Superior Court of Delaware

March 26, 2018

MARK GIRARDOT, GERHARD R. WITTREICH, and PETER BUTLER, individually and on behalf of others similarly situated, Plaintiffs,
v.
THE CHEMOURS COMPANY, Defendant.

          Submitted: February 27, 2018

          Robert K. Beste, Esq., Jonathan Landesman, Esq. (Argued), Cohen Seglias Pallas Greenhall & Furman, P.C., Attorneys for Plaintiffs

          Stephanie E. O'Byrne, Esq. (Argued), Kathleen Furey McDonough, Esq., Potter Anderson & Corroon LLP, Attorneys for Defendant The Chemours Company

          OPINION

          Mary M. Johnston, Judge

         FACTUAL AND PROCEDURAL CONTEXT

         Mark Girardot, Gerhard Wittreich, Peter Butler, and the putative class (collectively, "Plaintiffs") bring this class action suit against their former employer, the Chemours Company. Plaintiffs claim that Chemours induced Plaintiffs to accept a severance package, which prevented Plaintiffs from accepting a superior severance package Chemours offered later. Plaintiffs allege five counts: fraud, breach of covenant of good faith and fair dealing, promissory estoppel, unjust enrichment, and a violation of the Delaware Wage Payment and Collection Act ("DWPCA").

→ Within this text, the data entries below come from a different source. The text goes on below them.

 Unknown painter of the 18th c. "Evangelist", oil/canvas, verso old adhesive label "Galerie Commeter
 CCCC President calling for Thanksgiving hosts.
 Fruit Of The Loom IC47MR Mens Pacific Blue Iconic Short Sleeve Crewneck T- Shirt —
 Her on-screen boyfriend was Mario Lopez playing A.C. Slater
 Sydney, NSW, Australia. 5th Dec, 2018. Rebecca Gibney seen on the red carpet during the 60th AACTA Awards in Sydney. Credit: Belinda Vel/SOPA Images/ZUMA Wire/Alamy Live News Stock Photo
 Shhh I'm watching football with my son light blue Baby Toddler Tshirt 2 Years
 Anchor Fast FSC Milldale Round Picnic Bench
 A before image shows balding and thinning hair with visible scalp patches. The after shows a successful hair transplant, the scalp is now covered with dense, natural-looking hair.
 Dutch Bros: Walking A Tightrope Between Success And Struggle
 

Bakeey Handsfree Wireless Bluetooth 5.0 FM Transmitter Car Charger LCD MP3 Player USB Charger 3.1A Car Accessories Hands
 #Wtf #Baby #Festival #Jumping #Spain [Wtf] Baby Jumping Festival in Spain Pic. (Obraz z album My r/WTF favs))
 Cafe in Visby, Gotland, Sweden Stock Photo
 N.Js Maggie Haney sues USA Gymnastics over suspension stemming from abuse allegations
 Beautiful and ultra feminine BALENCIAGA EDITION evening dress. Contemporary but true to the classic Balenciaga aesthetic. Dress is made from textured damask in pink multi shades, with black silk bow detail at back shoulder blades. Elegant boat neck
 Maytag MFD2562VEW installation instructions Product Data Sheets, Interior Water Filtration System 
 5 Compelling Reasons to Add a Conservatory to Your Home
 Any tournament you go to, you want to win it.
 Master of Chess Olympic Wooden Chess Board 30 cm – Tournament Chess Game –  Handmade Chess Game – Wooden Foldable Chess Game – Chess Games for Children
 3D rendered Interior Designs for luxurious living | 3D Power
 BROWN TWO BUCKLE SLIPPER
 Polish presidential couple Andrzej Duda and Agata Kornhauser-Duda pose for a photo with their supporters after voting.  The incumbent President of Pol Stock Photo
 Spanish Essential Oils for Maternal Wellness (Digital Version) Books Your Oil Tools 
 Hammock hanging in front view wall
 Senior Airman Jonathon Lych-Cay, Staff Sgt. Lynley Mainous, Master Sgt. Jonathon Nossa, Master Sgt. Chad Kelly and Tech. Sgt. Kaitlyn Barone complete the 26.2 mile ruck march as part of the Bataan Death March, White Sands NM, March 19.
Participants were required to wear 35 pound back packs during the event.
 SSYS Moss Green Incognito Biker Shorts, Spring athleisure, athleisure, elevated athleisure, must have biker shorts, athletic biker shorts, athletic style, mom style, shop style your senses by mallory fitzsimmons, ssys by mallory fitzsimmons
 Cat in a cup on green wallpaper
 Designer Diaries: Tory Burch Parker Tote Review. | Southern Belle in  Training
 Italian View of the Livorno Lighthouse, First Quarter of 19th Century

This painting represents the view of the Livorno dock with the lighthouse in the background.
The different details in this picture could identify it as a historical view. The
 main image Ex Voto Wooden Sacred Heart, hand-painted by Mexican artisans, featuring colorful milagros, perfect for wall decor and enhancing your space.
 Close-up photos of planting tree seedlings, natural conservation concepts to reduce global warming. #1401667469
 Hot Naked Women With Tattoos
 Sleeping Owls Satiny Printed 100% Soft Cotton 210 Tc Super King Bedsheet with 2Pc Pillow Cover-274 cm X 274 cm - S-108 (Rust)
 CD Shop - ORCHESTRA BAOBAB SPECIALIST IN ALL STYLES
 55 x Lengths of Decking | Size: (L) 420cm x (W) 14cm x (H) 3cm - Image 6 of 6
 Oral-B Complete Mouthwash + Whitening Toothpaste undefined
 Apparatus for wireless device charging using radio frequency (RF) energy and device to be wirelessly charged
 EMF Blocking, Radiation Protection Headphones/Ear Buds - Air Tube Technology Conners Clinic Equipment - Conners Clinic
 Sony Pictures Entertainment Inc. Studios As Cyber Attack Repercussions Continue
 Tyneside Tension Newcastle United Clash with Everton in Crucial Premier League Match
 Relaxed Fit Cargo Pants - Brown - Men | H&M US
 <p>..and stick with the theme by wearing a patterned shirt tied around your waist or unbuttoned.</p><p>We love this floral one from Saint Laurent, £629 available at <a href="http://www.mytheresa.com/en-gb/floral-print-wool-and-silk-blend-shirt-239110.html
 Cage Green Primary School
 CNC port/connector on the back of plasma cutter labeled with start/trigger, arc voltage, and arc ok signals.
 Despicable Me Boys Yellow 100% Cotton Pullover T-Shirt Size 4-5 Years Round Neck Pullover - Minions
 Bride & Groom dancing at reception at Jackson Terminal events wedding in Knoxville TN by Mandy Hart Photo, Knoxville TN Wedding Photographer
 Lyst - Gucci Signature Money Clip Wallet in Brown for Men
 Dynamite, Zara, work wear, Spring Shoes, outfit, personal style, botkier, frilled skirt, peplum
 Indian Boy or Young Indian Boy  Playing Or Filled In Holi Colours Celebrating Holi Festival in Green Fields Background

         Chemours seeks dismissal only of the alleged DWPCA violation. Chemours argues this count should be dismissed on two alternative grounds. First, Chemours claims Plaintiffs seek reimbursement for a payment of severance, not wages, rendering the DWPCA inapplicable. Second, Chemours contends that even if the payments qualify as wages under the DWPCA, the claim is barred by the one-year statute of limitations for wage claims.

         In response, Plaintiffs argue that the payments they seek are properly characterized as "wage supplements, " which Plaintiffs may recover under the DWPCA. Additionally, Plaintiffs assert that their claim for "wage supplements" is not barred by the statute of limitations, because such a claim accrues 30 days after each payment is required to be made.

         MOTION TO DISMISS STANDARD

         In a Rule 12(b)(6) motion to dismiss, the Court must determine whether the claimant "may recover under any reasonably conceivable set of circumstances susceptible of proof."[1] The Court must accept as true all well-pleaded allegations.[2] Every reasonable factual inference will be drawn in the non-moving party's favor.[3]If the claimant may recover under that standard of review, the Court must deny the motion to dismiss.[4]

         ANALYSIS

         Separation Benefits Are Recoverable Under the DWPCA

         The civil enforcement section of the DWPCA, Section 1113, allows employees "to recover unpaid wages and liquidated damages."[5] Section 1101 defines "wages" as "compensation for labor or services rendered by an employee, whether the amount is fixed or determined on a time, task, piece, commission or other basis of calculation."[6] Chemours argues that the severance Plaintiffs seek does not fit this definition because the severance was not compensation for services rendered, but only a benefit offered as a result of termination.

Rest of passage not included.